Cosedimentation of RFC-dependent DNA synthesis activity and ATPase activity through a 15–35% glycerol gradient. (A) SDS/PAGE analysis. The bRFC, eluted from a Ni-column (Fig. 1B), was further purified by two consecutive 15–35% glycerol gradient centrifugations. Following acetone precipitation and centrifugation, the pellets were analyzed by SDS/PAGE followed by Coomassie staining. The numbers at the top of the figure represent the fraction analyzed. The bands that migrated between 55–70 kDa in all lanes were artifactual. (B) RFC-dependent DNA synthesis and DNA-dependent ATPase activity.
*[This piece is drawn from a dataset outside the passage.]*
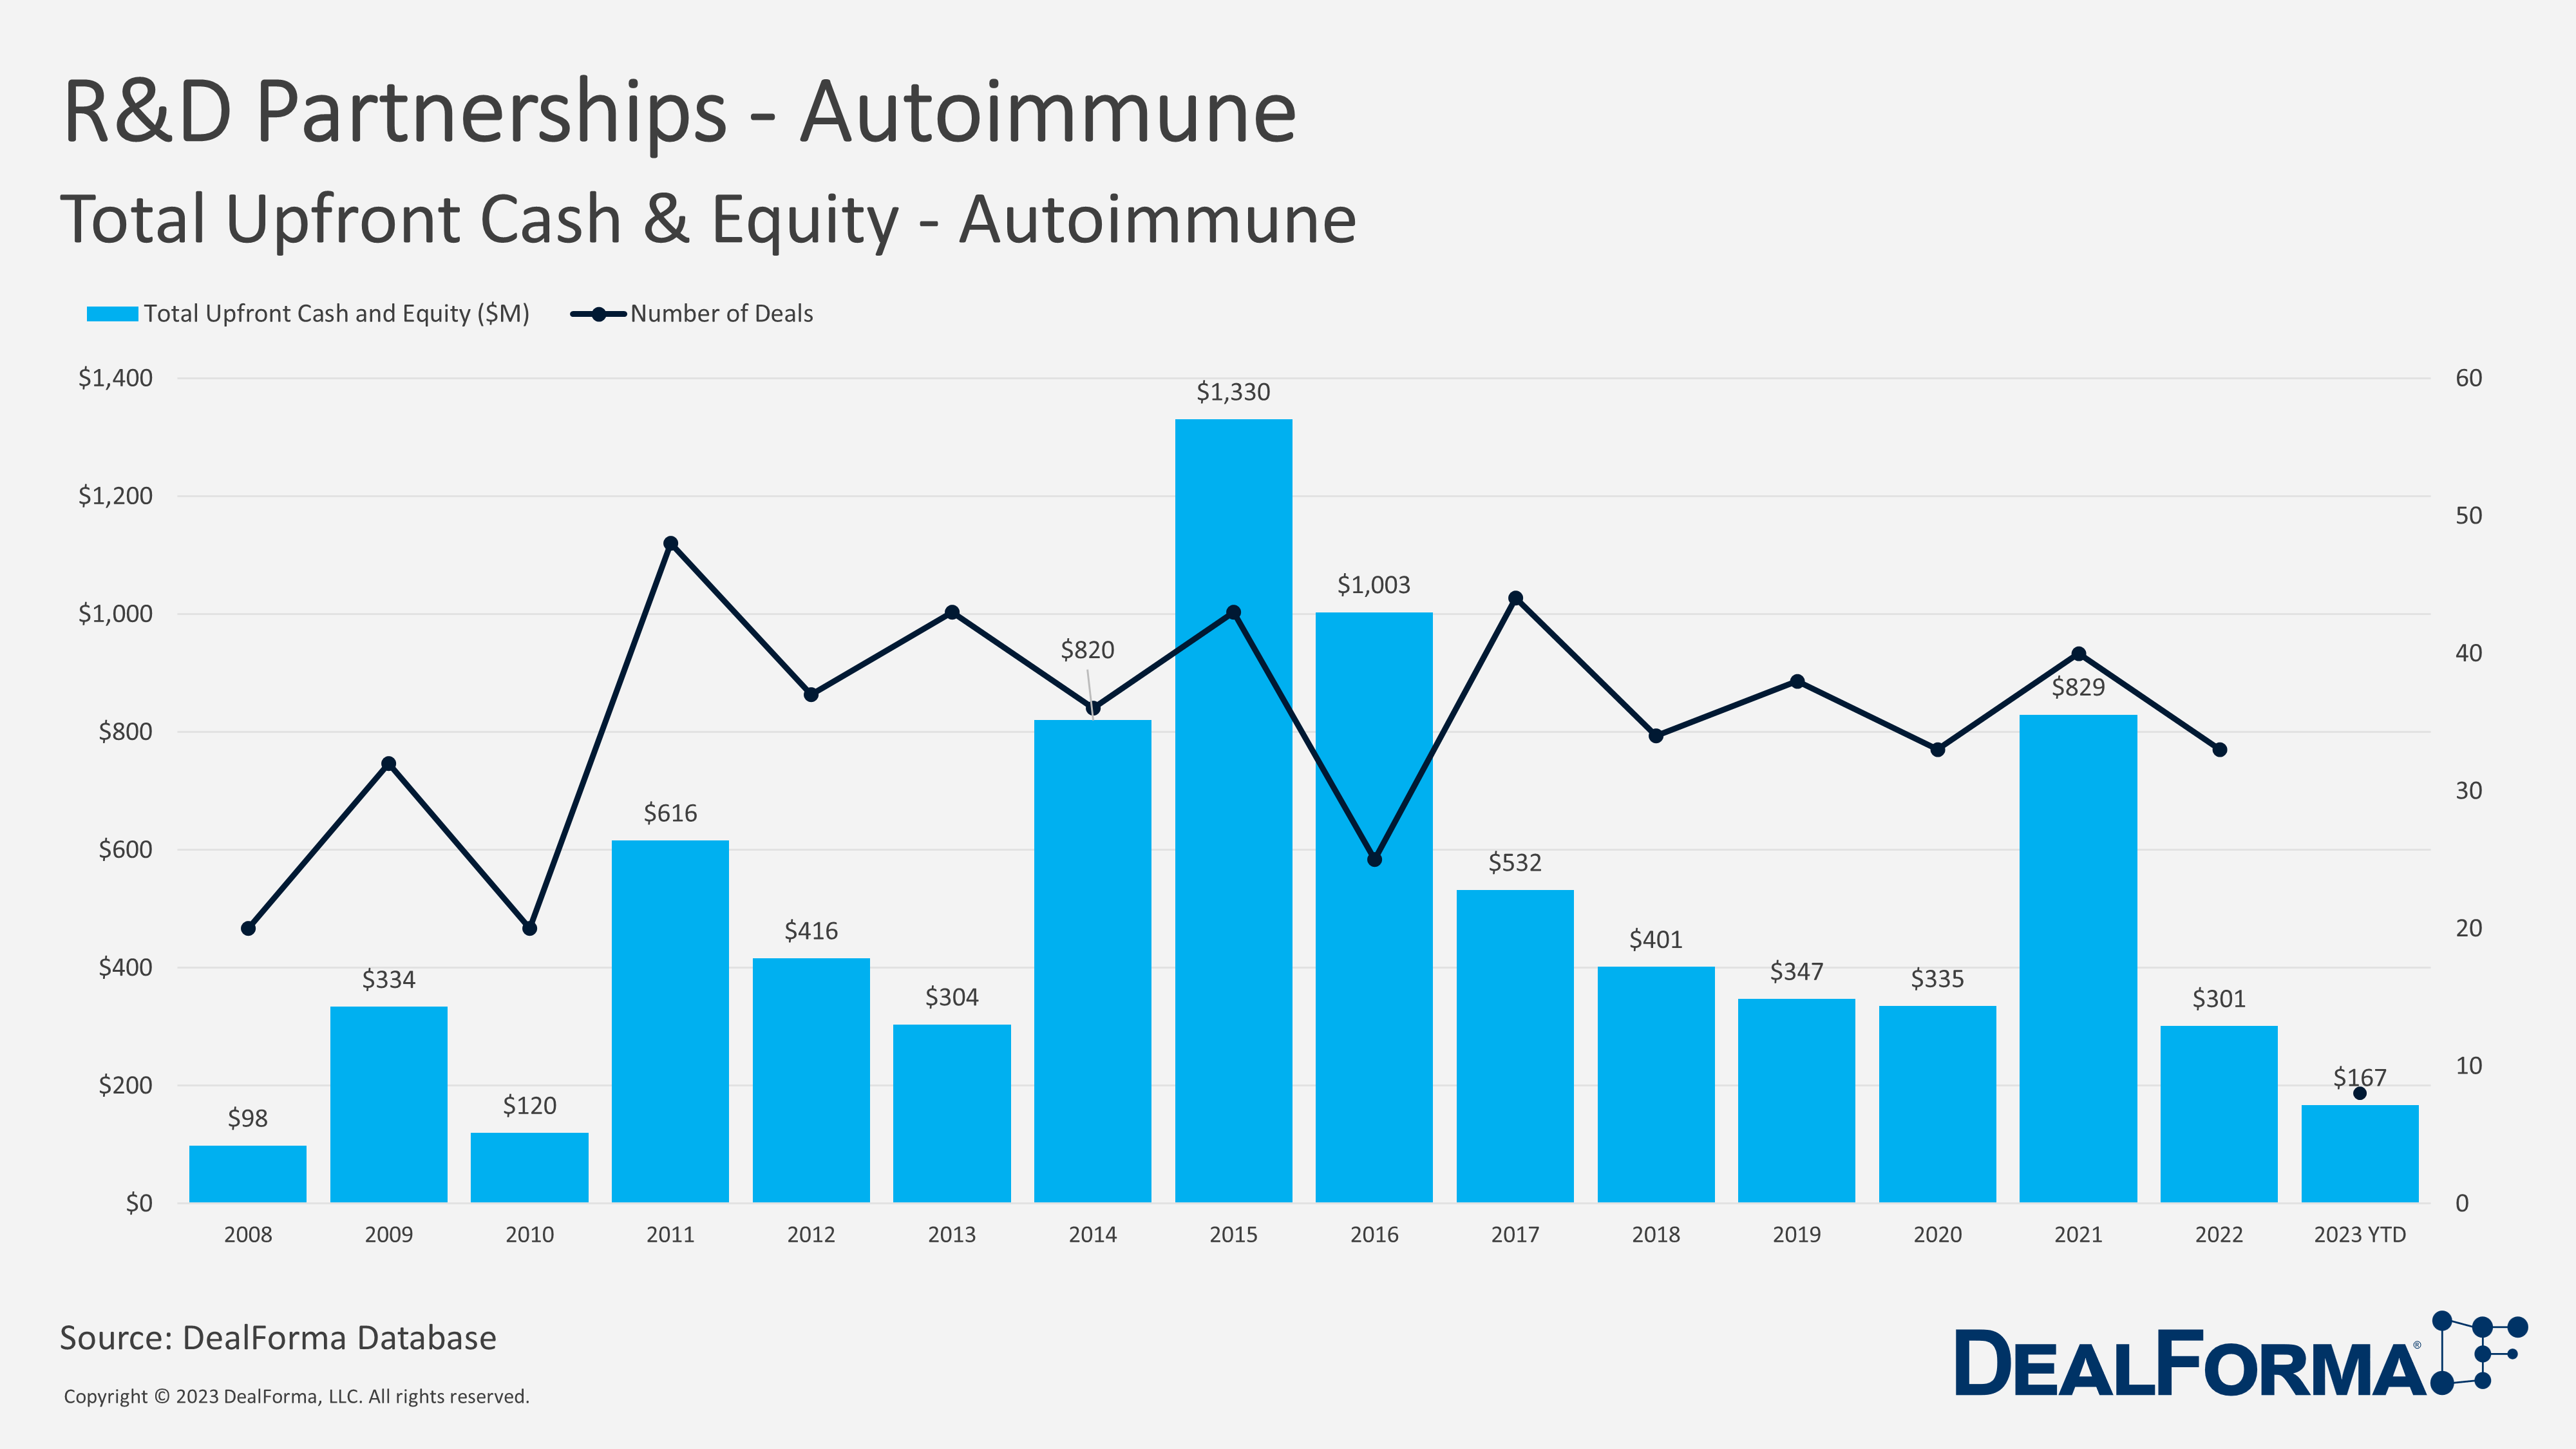 R&D Partnerships - Autoimmune. Total Upfront Cash & Equity

Each glycerol gradient fraction (0.5 μl after 3-fold dilution) was assayed for its ability to support DNA synthesis in the presence of a multiply primed poly(dA)₄₅₀₀/oligo (dT)_12–18 template and ATPase activity as described. (C) RFC-dependent nucleotide incorporation using a singly primed M13 DNA template. Reactions were carried out as described using 4.4 fmol of M13 DNA template prior to separation through alkaline agarose gel followed by autoradiography. Reactions shown in lanes 1 and 2 were carried out in the presence and absence of 15 fmol of hRFC, respectively; reactions shown in lanes 3–7 were carried out with bRFC as follows: lane 3, 14 fmol of bRFC; lane 4, 1.4 fmol of bRFC; lanes 5–7, 14 fmol of bRFC in the absence or presence of HSSB, PCNA, or pol δ as indicated. Nucleotide incorporation (pmol), measured following acid precipitation and liquid scintillation counting, was as follows: lane 1, 26; lane 2, 0.4; lane 3, 24.4; lane 4, 8.8; lane 5, 2.8; lane 6, 0.48; lane 7, 0.08.

Figure 3

Characterization of bRFC ATPase activity. (A) Stimulation of bRFC ATPase by DNA effectors. ATPase reactions were carried out as described. Reaction mixtures contained bRFC in amounts as indicated, in the absence or presence of 12.5 μM (nucleotide concentration) of the following DNAs: oligo(dT)_12–18, poly(dA)₄₅₀₀, poly(dA)₄₅₀₀/oligo(dT)_12–18 (20:1 nucleotide ratio), or φX174 circular ssDNA. (B) PCNA stimulation of RFC ATPase activity. PCNA was added in amounts as indicated to reaction mixtures containing 15 ng of bRFC in the presence of 12.5 μM of poly(dA)₄₅₀₀ or poly(dA)₄₅₀₀/oligo(dT)_12–18. (C) HSSB stimulation of RFC ATPase activity. HSSB was added in amounts as indicated to reaction mixtures containing poly(dA)₄₅₀₀/oligo(dT)_12–18 in the absence or presence of 10 ng of bRFC and/or 40 ng of PCNA.

Figure 4

bRFC preferentially binds to DNA primer ends. Binding of bRFC to DNA was examined using a nitrocellulose filter binding assay as described. bRFC, in amounts as indicated, was incubated with poly(dA)₃₀₀, oligo(dT)_12–18, or poly(dA)₃₀₀/oligo(dT)_12–18 at a molar ratio of 1:0.4, 1:2 and 1:10, respectively, as indicated. The 100% value represented 40 fmol of input DNA.

Figure 5

bRFC loads and unloads PCNA onto and off DNA. (A) bRFC catalyzed loading of PCNA onto singly nicked pBluescript DNA. Reaction mixtures (100 μl) containing 40 mM Tris·HCl (pH 7.5), 0.5 mM DTT, 20 μg/ml BSA, 7 mM Mg (OAc)₂, 2 mM ATP, 0.5 pmol of singly nicked pBluescript plasmid DNA, 5.2 pmol of ³²P-labeled PCNA trimer (574 cpm/fmol) and bRFC (as indicated), were incubated for 10 min at 37°C. Each reaction mixture was then filtered through a 6 ml Bio-Gel A15m column equilibrated with buffer containing 0.02 M Tris·HCl (pH 7.5), 0.1 mM EDTA, 40 μg/ml bovine serum albumin, 8 mM MgCl₂, 4% glycerol, 5 mM DTT, and 0.1 M NaCl at 4°C. Fractions (180 μl) were collected and subjected to Cerenkov counting to detect the elution of the labeled PCNA. The peak shown in the graph represented PCNA that eluted in the excluded volume, i.e., PCNA complexed with DNA. (B) bRFC unloads ³²P-PCNA catalytically from singly nicked DNA. ³²P-PCNA was assembled onto DNA as described in A and the product isolated by BioGel A15m separation. The isolated PCNA–DNA complexes were then incubated in the presence or absence of bRFC (amounts as indicated) in reaction mixtures as described in A prior to gel filtration to resolve free ³²P-PCNA from the ³²P-PCNA–DNA complex. Both included and excluded material were subjected to Cerenkov counting as described above.